:: DATA PROVIDED ::
::::::::::
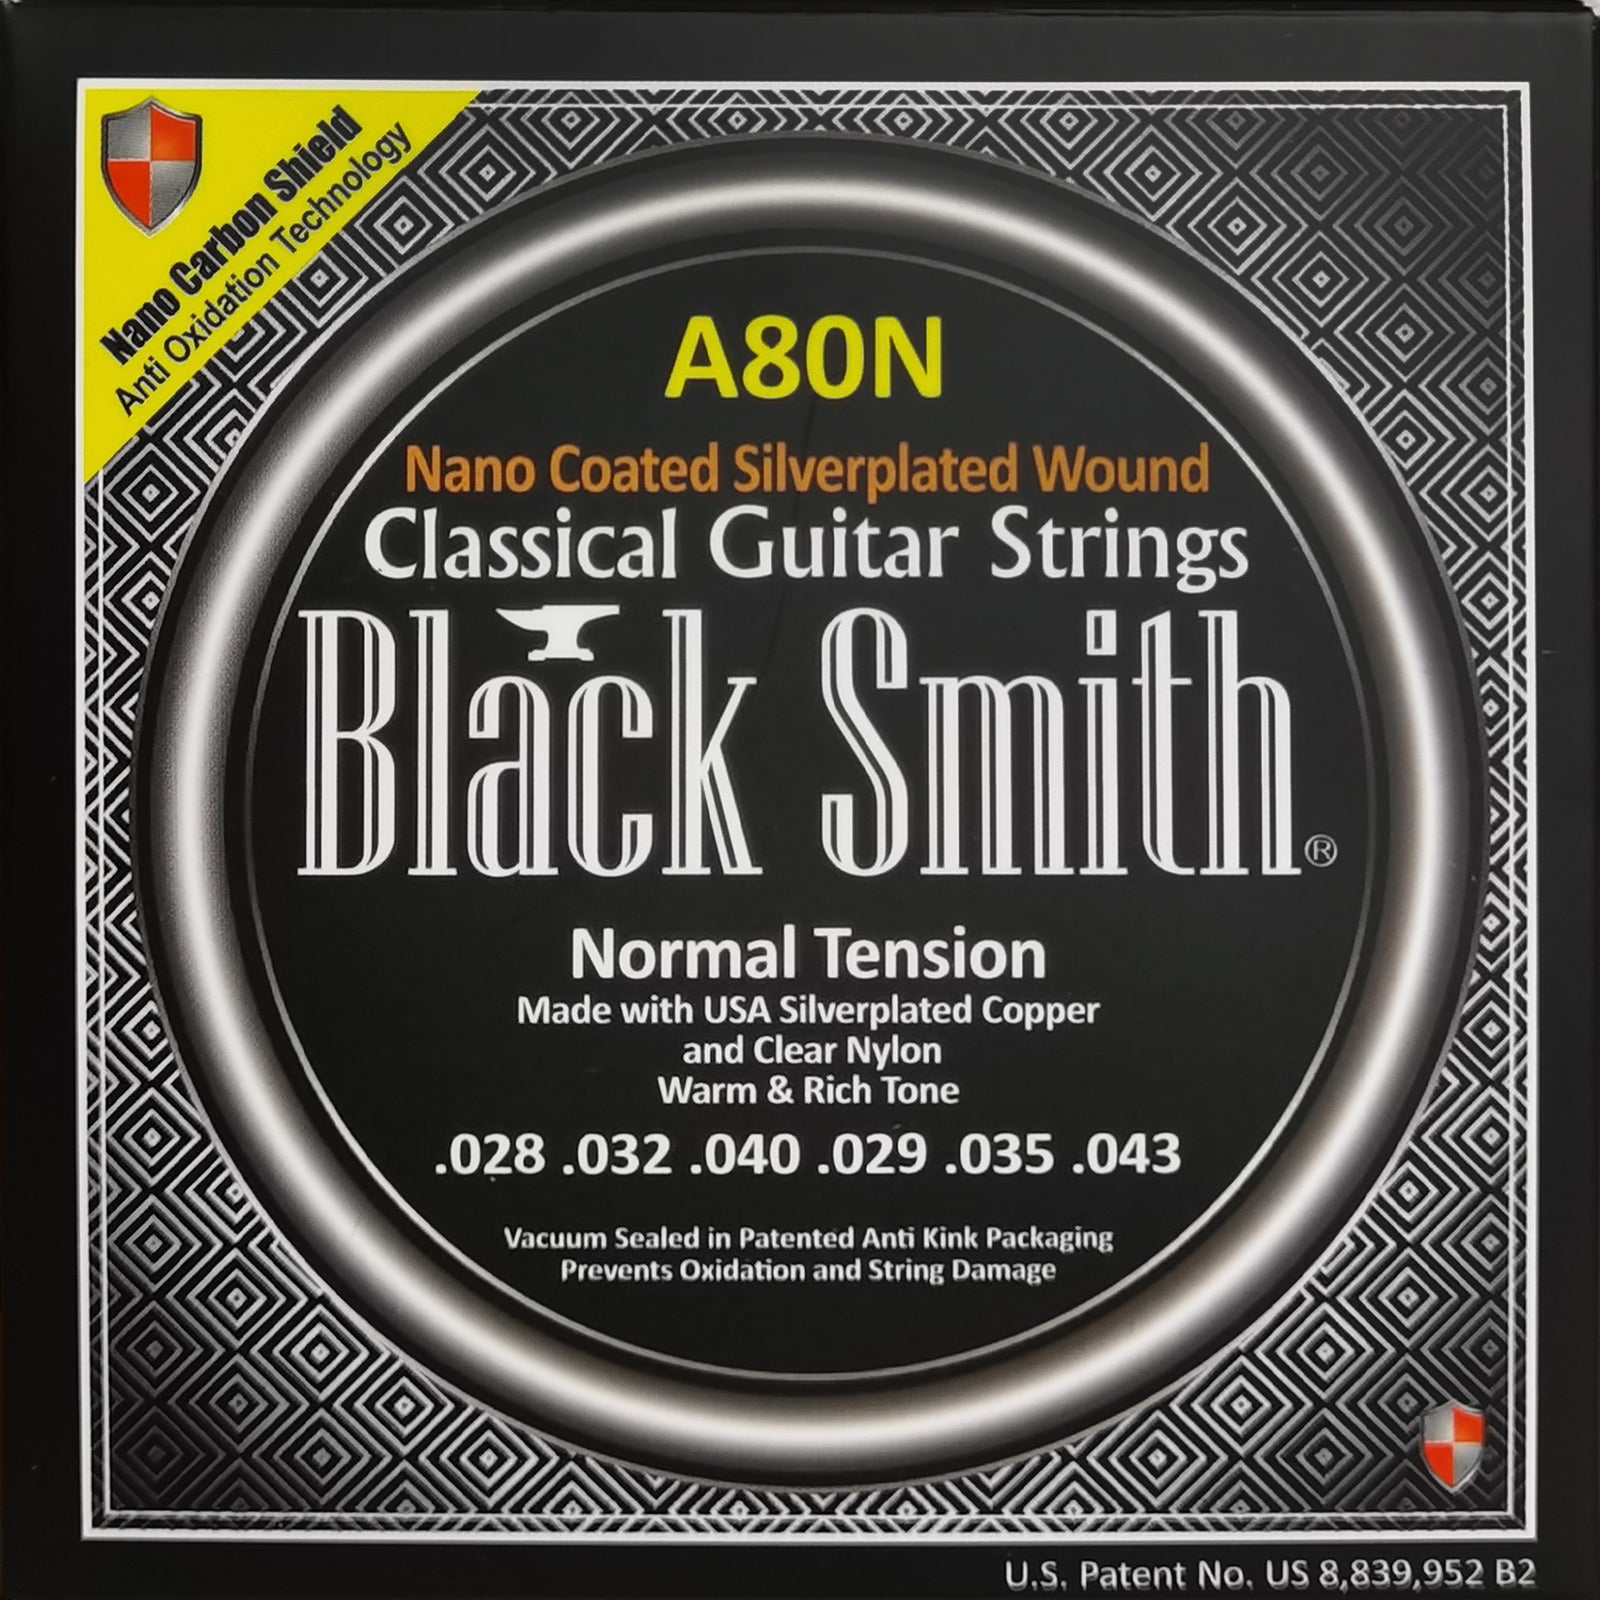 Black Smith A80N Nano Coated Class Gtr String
::::::::::
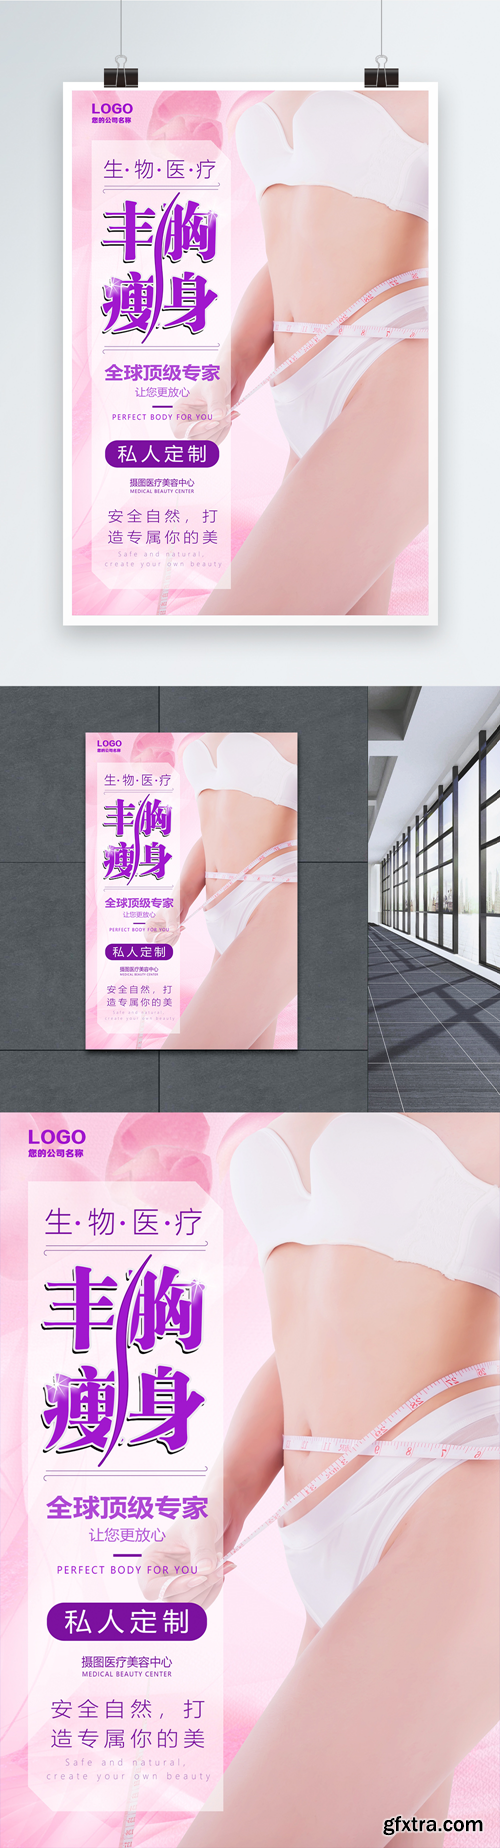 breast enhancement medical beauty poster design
::::::::::
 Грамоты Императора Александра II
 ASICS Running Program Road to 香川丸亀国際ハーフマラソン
::::::::::
:: EXERCISE AIM ::
In your answer, include only the lines above starting at the line that holds "Грамоты Императора Александра II" and ending at the line that holds "ASICS Running Program Road to 香川丸亀国際ハーフマラソン", copied exactly.

:: RESPONSE ::
 Грамоты Императора Александра II
 ASICS Running Program Road to 香川丸亀国際ハーフマラソン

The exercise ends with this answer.